The Buttigieg appointment illustrates that the university’s leadership has embraced a defective understanding of Notre Dame’s Catholic mission. Anyone can see that the Church suffers from significant challenges in restoring trust after the failure to address the clergy sexual abuse crisis, and a properly constructed course on “trust,” taught by someone with convictions in line with the Catholic faith, could do much good. But that is not what Our Lady’s university has chosen to do.

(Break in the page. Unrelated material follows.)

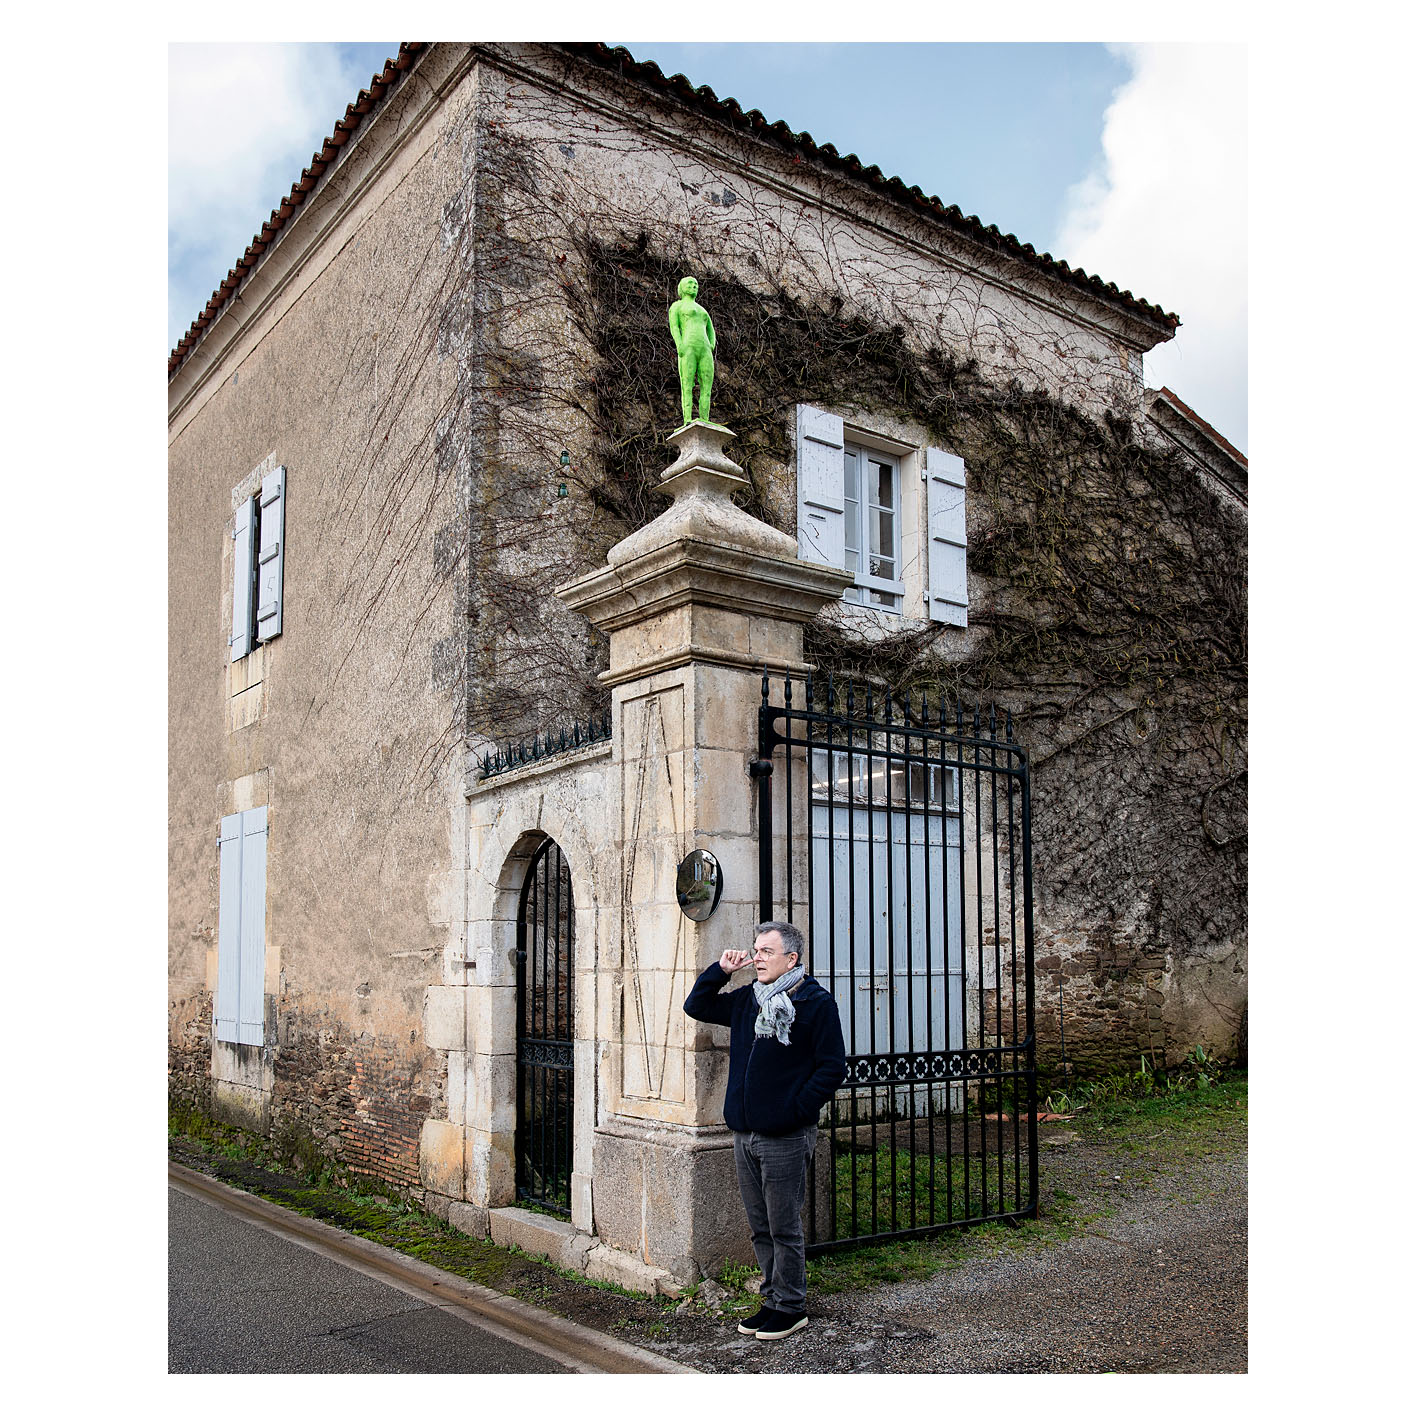 Fabrice Hyber à l'entrée de sa propriété de Mareuil sur Lay Dissais, Vendée. De chaque côté du portail trône un homme de Bessines.

The Buttigieg case may seem relatively small fry. In these troubled coronavirus times, when there is anxiety over the return to on-campus classes, restrictions on gatherings at the university, and much else, Mr. Buttigieg’s presence is likely to be modest. Even so, his appointment undercuts efforts to provide an integrated intellectual, spiritual, and moral formation for our students. It does nothing to convey where students and scholars at a Catholic university should ultimately put their trust. It is no wonder that there are “troubled hearts” at Notre Dame these days.

Wilson D. (Bill) Miscamble, C.S.C., is a priest of the Congregation of Holy Cross and a professor in the history department at Notre Dame, and the author most recently of American Priest: The Ambitious Life and Conflicted Legacy of Notre Dame’s Father Ted Hesburgh.